Exhibit
Creation Date
1850
Height
12 cm
Width
11 cm
Medium
Genre
Description
The art historian Pramod Chandra gives a description of Studies of European Figures, quoted below:
[A] study sheet shows four European figures, one of them seated on a chair and three busts. The artist seems to have been trying to acquaint himself with unfamiliar anatomies, and also with the shapes of European caps. (Chandra 65)
As Pramod Chandra notes in his description of the image, the artist does seem concerned with capturing the detail of the European hat; the faces, however, instead of being realistically depicted, seem stylized. Each face is in strict profile, and although each figure differs in hair style and color, their overall physiognomy is similar: each shares the same elongated nose, almond-shaped eye, and arched eyebrow. It seems then that the artist is working from an Indian visual aesthetic to capture the European face. Additionally, the artist's emphasis on hats demonstrates his preoccupation with the ways in which clothing signifies social status and religious affiliation. Similar to amateur photographers who traveled to India in the late nineteenth century to "find" the picturesque (even though this was an aesthetic grounded in the British landscape), this Indian artist imposes his own cultural aesthetic on the foreign, European subjects before him (Ryan 55). Consequently, like A Nobleman Listening to Music, this image enacts an inversion of power in which the native assumes the role of the European.
During the time this image was created, Britain was establishing a centralized government in Rajasthan. By 1817-18 the British Raj had signed treaties of alliances with most of the states of Rajputana (currently known as Rajasthan). The Rajput rulers were allowed to maintain their titles and prestige, but they were required to govern according to British law. Because we do not know the the identity of the artist, it is further unknown what types of cultural interactions may have occurred between the artist and his patron.

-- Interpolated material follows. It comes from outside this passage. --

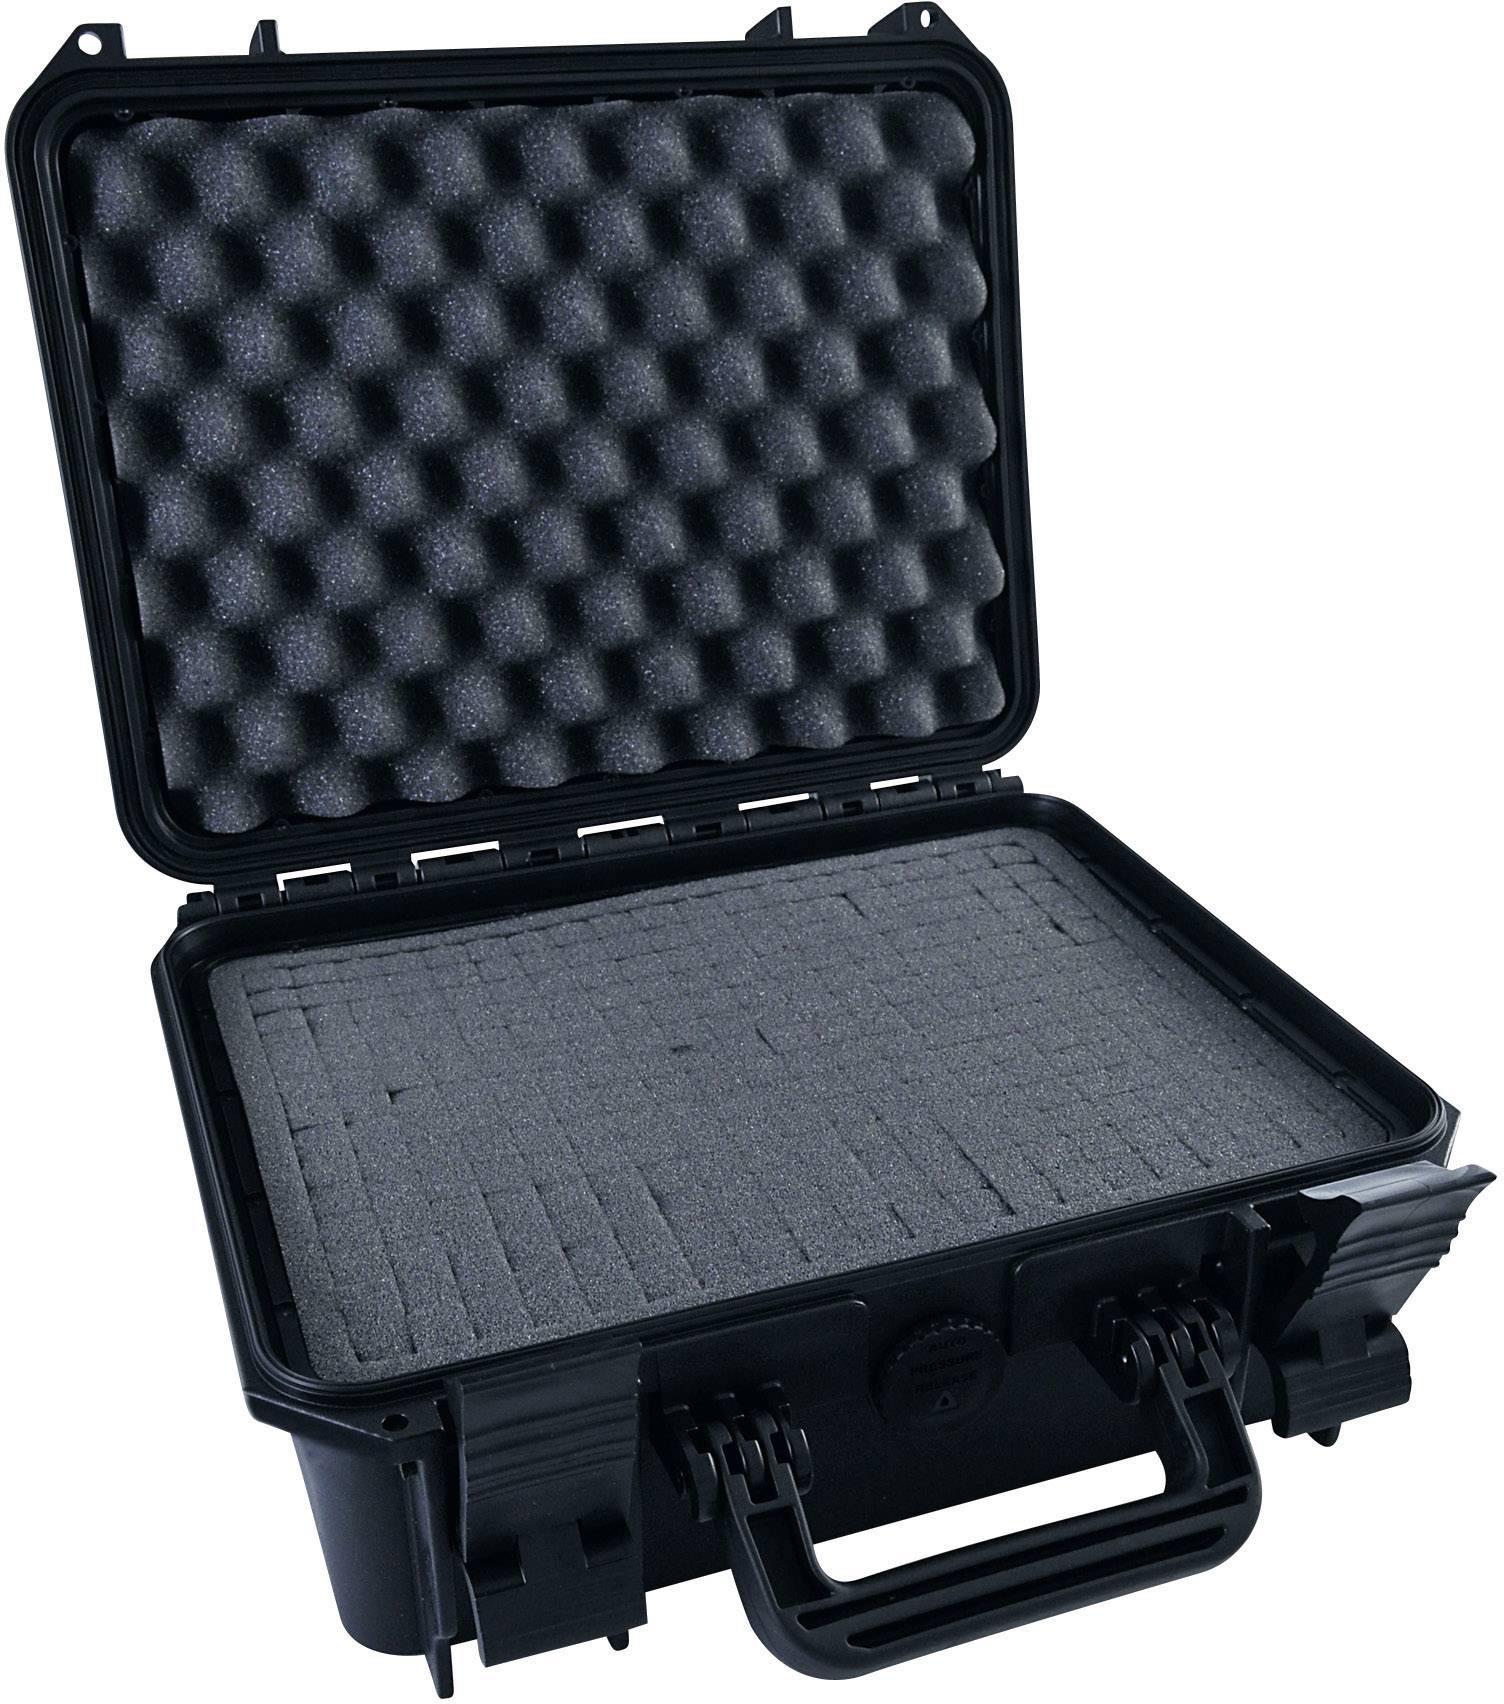 Kufor Xenotec MAX300S MAX300S 336 x 300 x 148 mm
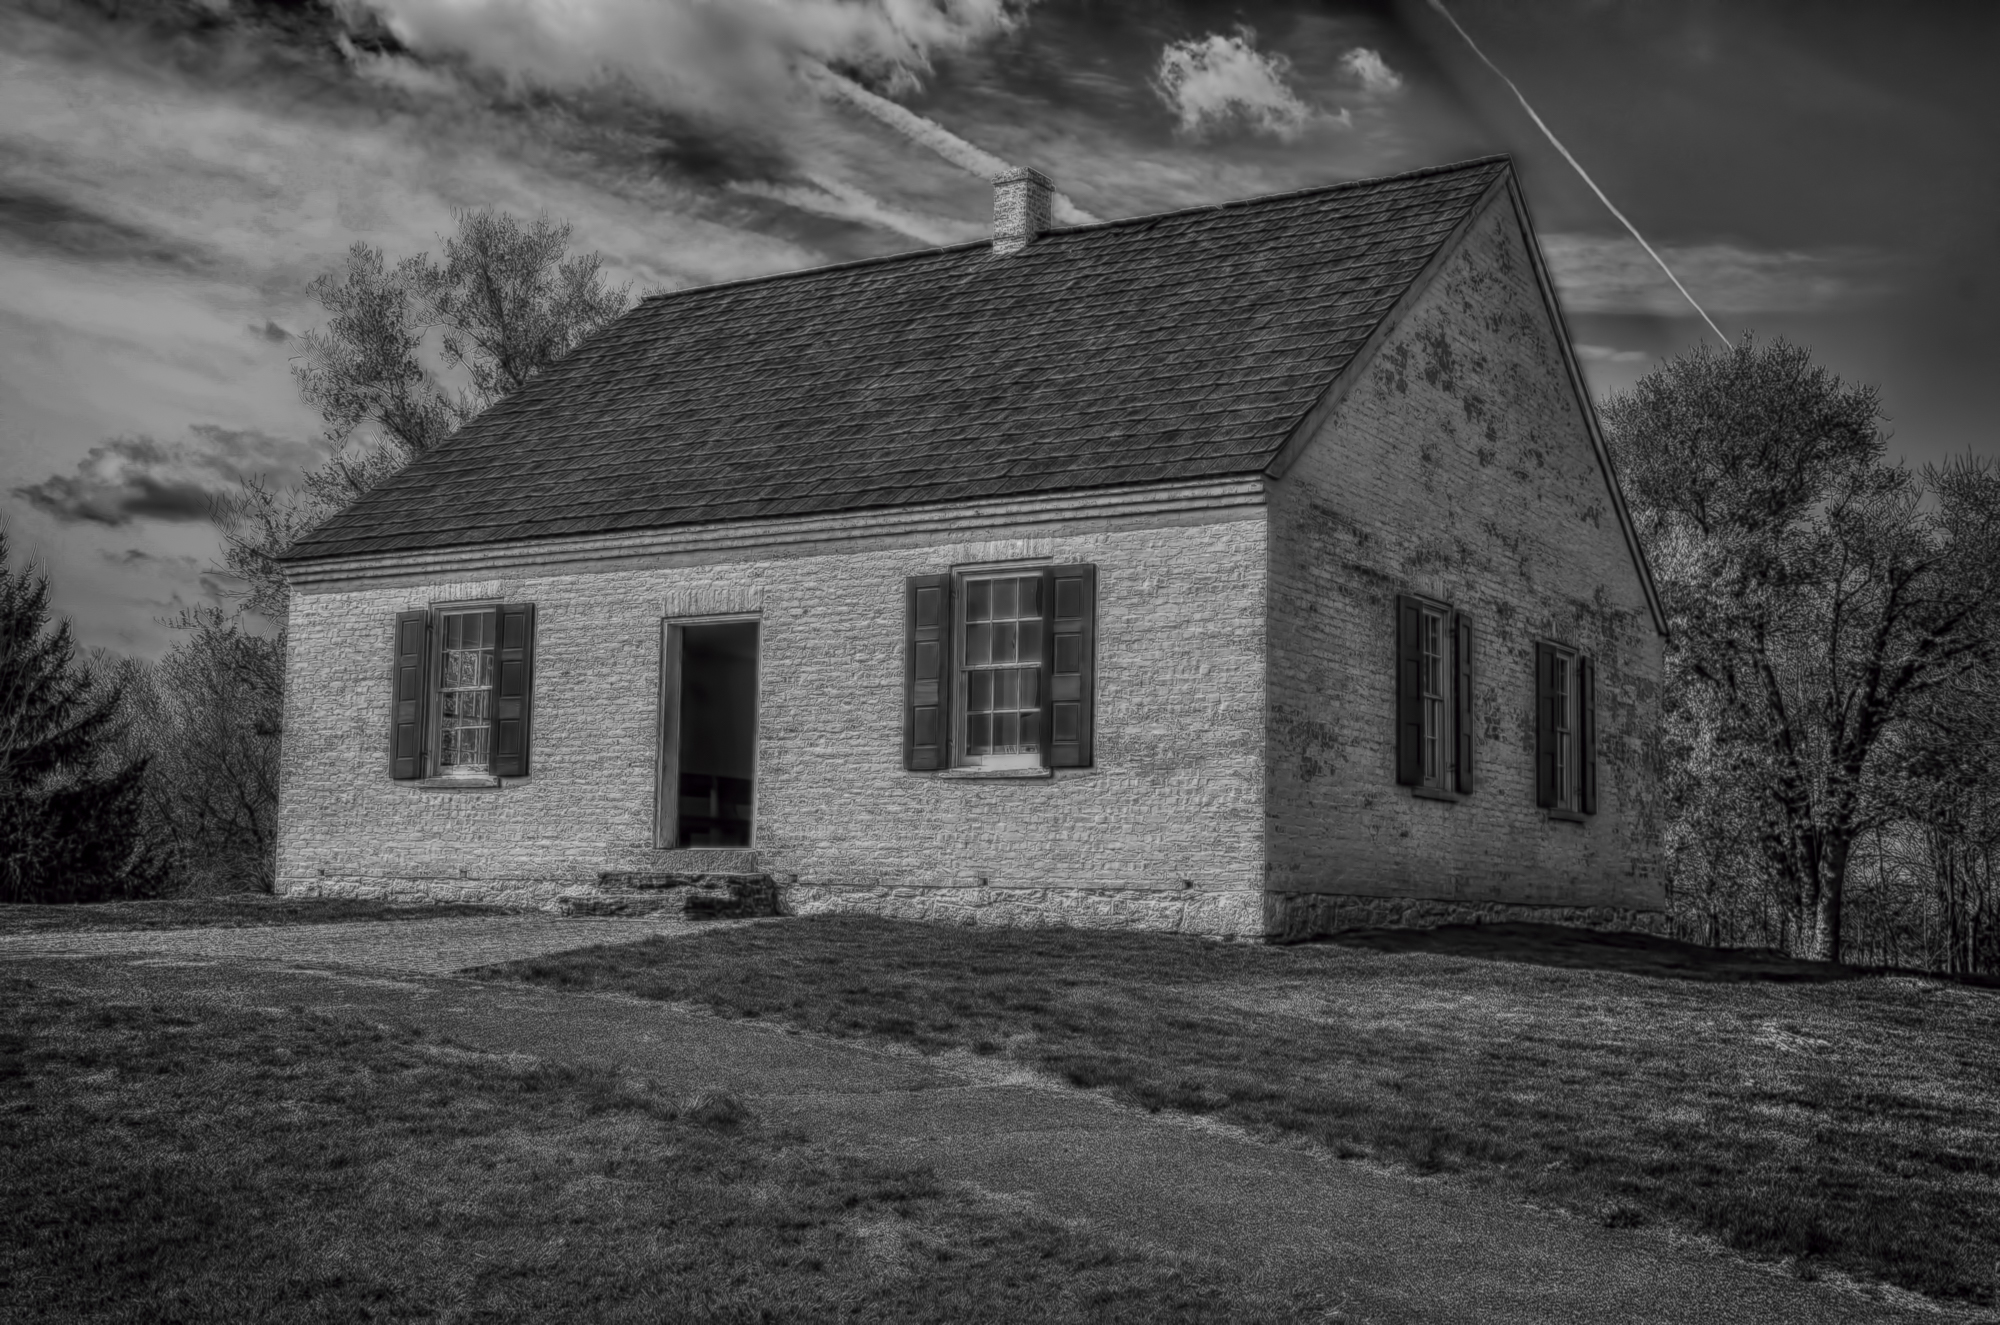 Dunker Church - Nikon D7000, 1/160 @f/11, ISO 100, 28mm - Antietam National Battlefield - See the poem, Antietam Creek in the Poetry Blog!

Study of European Figures relates to the Romantic visual aesthetic by unsettling and complicating the notion that the Indian artist of the nineteenth century simply attempted to copy the Western use of color, perspective and realism. Instead, this is a prime example of how an Indian artist might work a European face into an already standard paradigm of facial physiognomy. Apparent in this image is the prototypical Mughal face, in strict profile, with arched eyebrows, tapered eyes, heavy lids and an elongated nose. Even the receding hair line is similarly featured in all the figures. Consequently, this image exemplifies the hybrid art forms generated by the complex interactions of metropole and colony during the Romantic period.
Locations Description
Mewar is located in Rajputana (currently known as Rajasthan) in the northwest corner of India.
Accession Number
1979.1716
Additional Information
Bibliography
Bayly, C. A. Indian Society and the Making of the British Empire. Cambridge: Cambridge UP, 1990. Print.
Chandra, Moti. The Technique of Mughal Painting. Lucknow: U. P. Historical Society, 1949. Print.
Chandra, Pramod. Indian Miniature Painting; the Collection of Earnest C. and Jane Werner Watson. Madison: Elvehjem Art Center, University of Wisconsin; distributed by U of Wisconsin P, 1971. Print.
Ryan, James R. Picturing Empire: Photography and the Visualization of the British Empire. London: Reaktion Books, 1997. Print.